* _Task to carry out_: A faithful copy of the data is the goal; set it down exactly, without the images.

---- Stored data

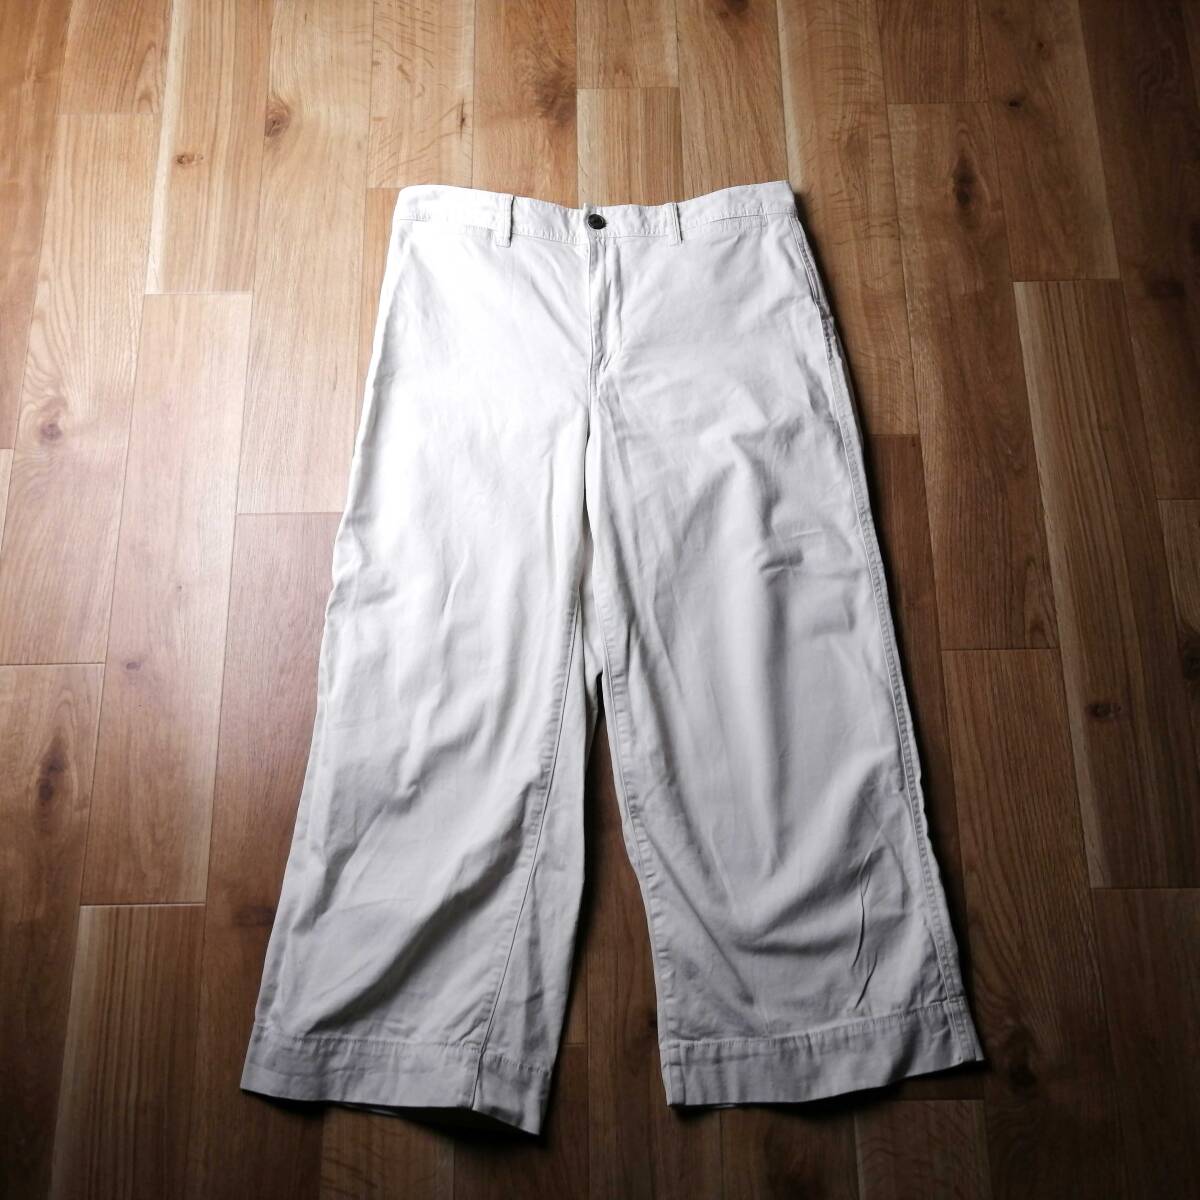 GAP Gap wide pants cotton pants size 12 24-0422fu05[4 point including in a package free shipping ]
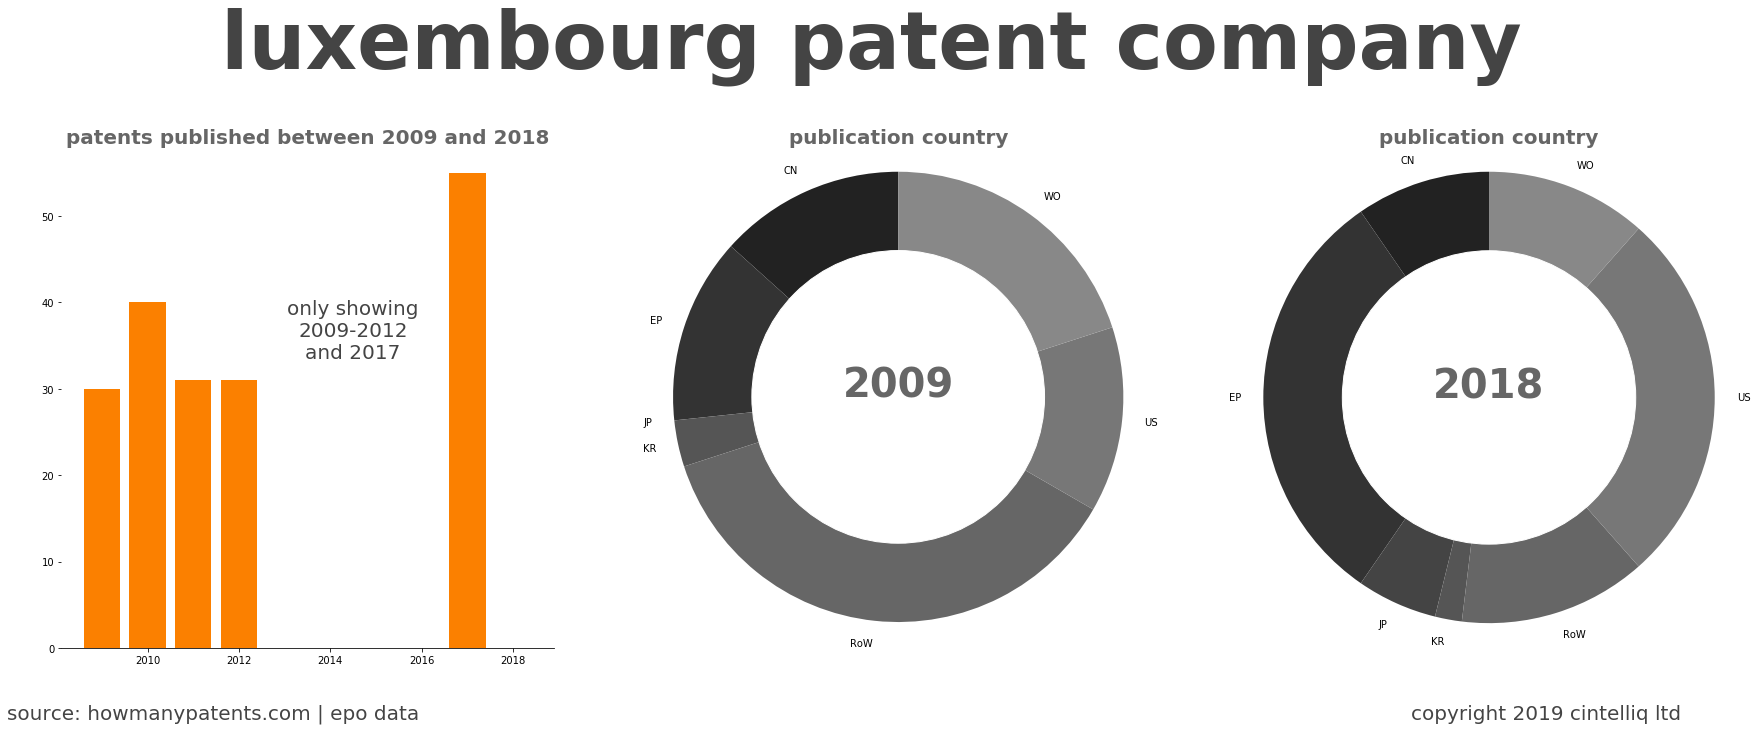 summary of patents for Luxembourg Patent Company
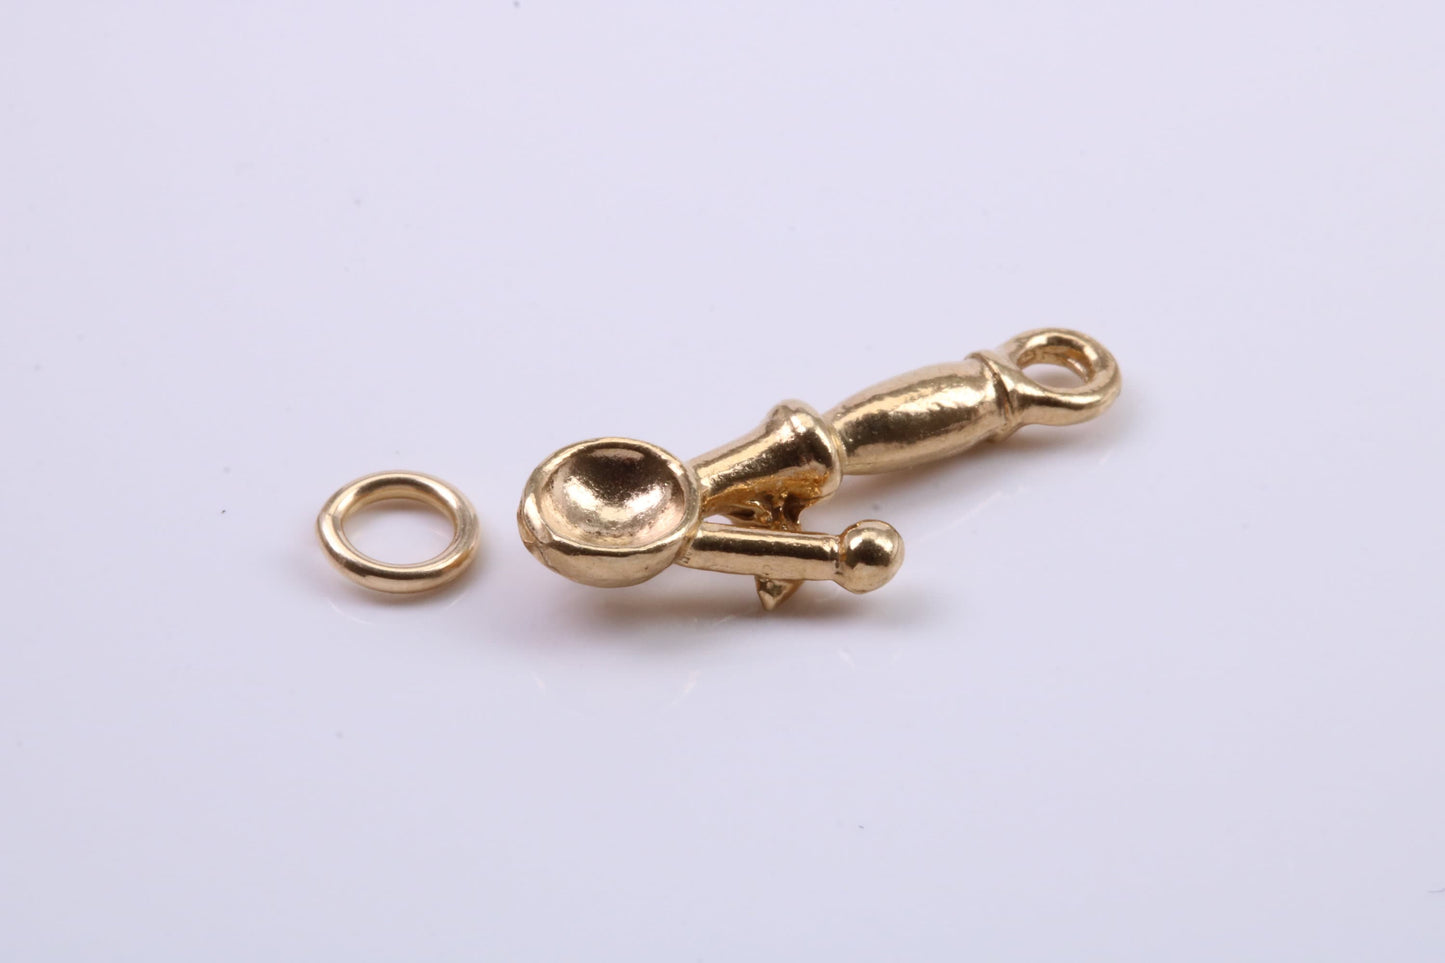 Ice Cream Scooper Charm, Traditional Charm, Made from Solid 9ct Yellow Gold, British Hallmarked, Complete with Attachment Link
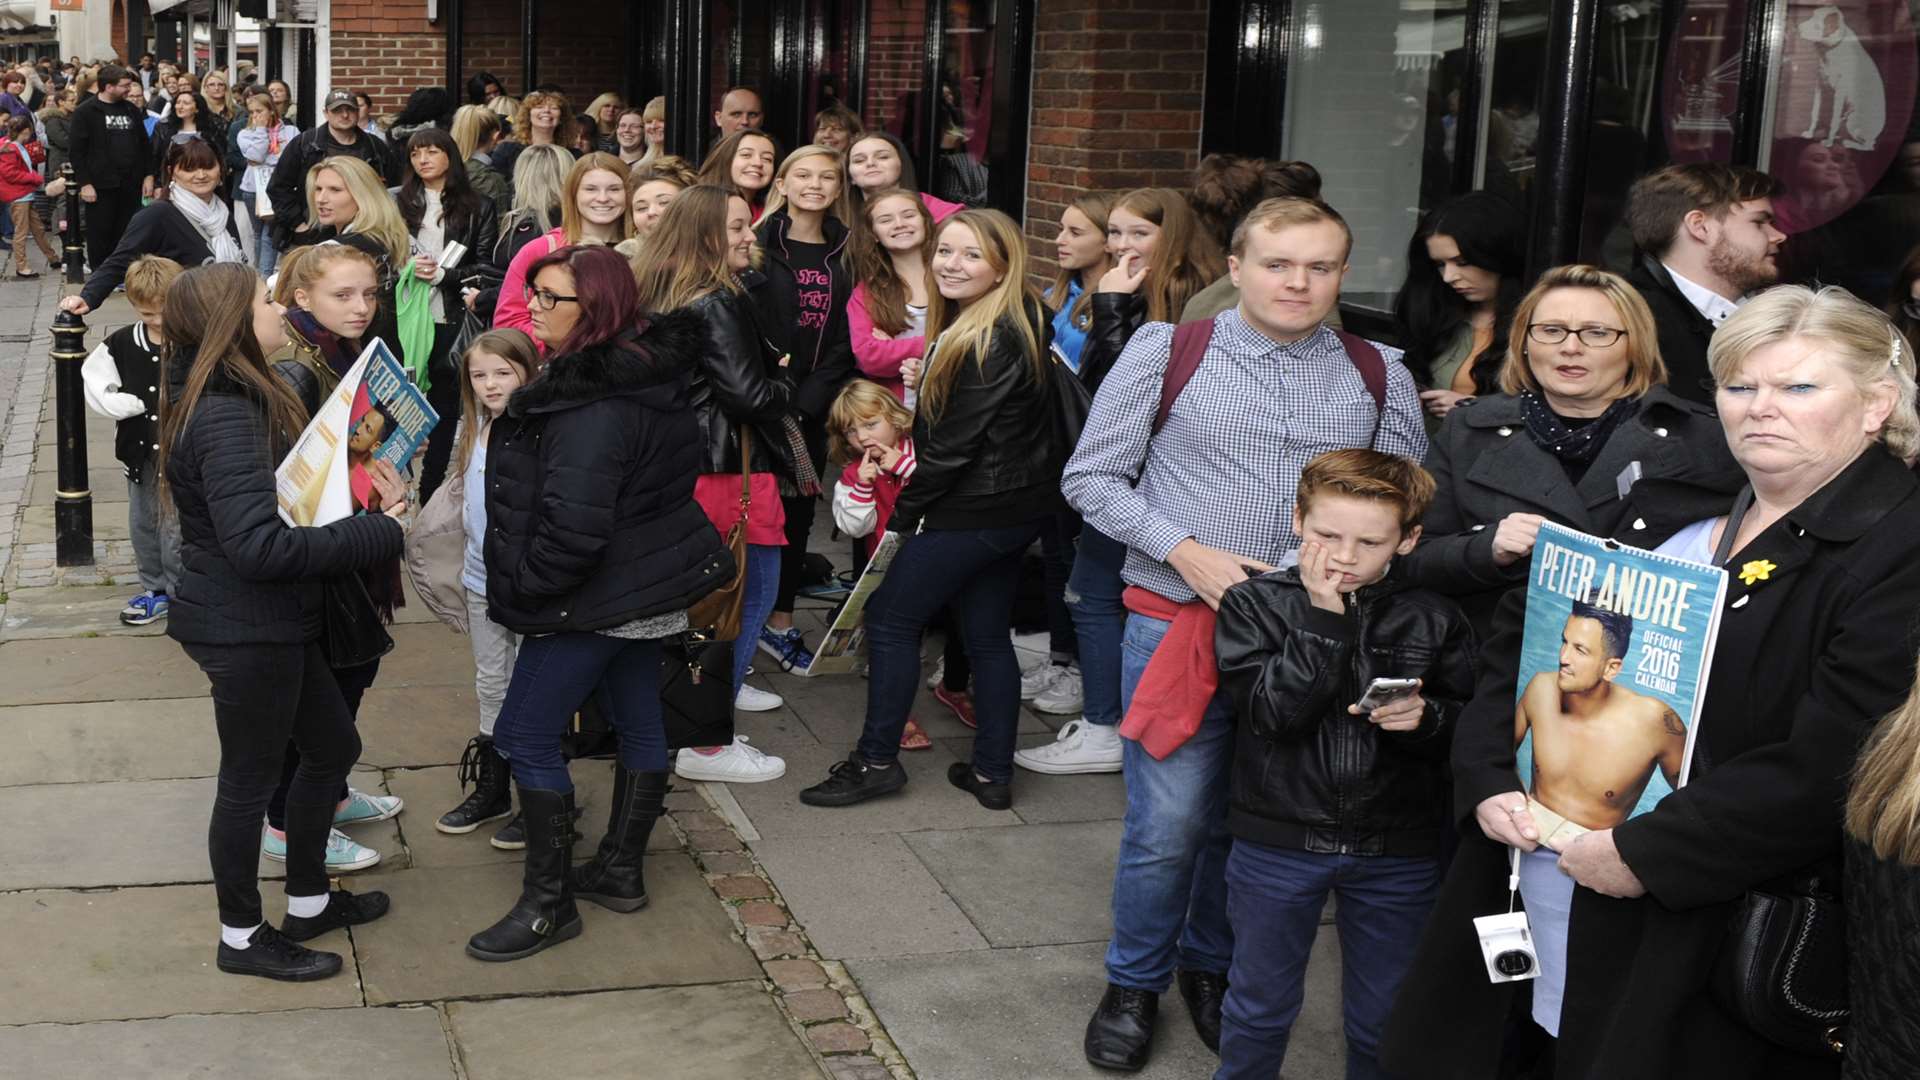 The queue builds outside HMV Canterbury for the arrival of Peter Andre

--------

* _Answer for this exercise_:
 GAP Gap wide pants cotton pants size 12 24-0422fu05[4 point including in a package free shipping ]
 summary of patents for Luxembourg Patent Company
 Ice Cream Scooper Charm, Traditional Charm, Made from Solid 9ct Yellow Gold, British Hallmarked, Complete with Attachment Link
 The queue builds outside HMV Canterbury for the arrival of Peter Andre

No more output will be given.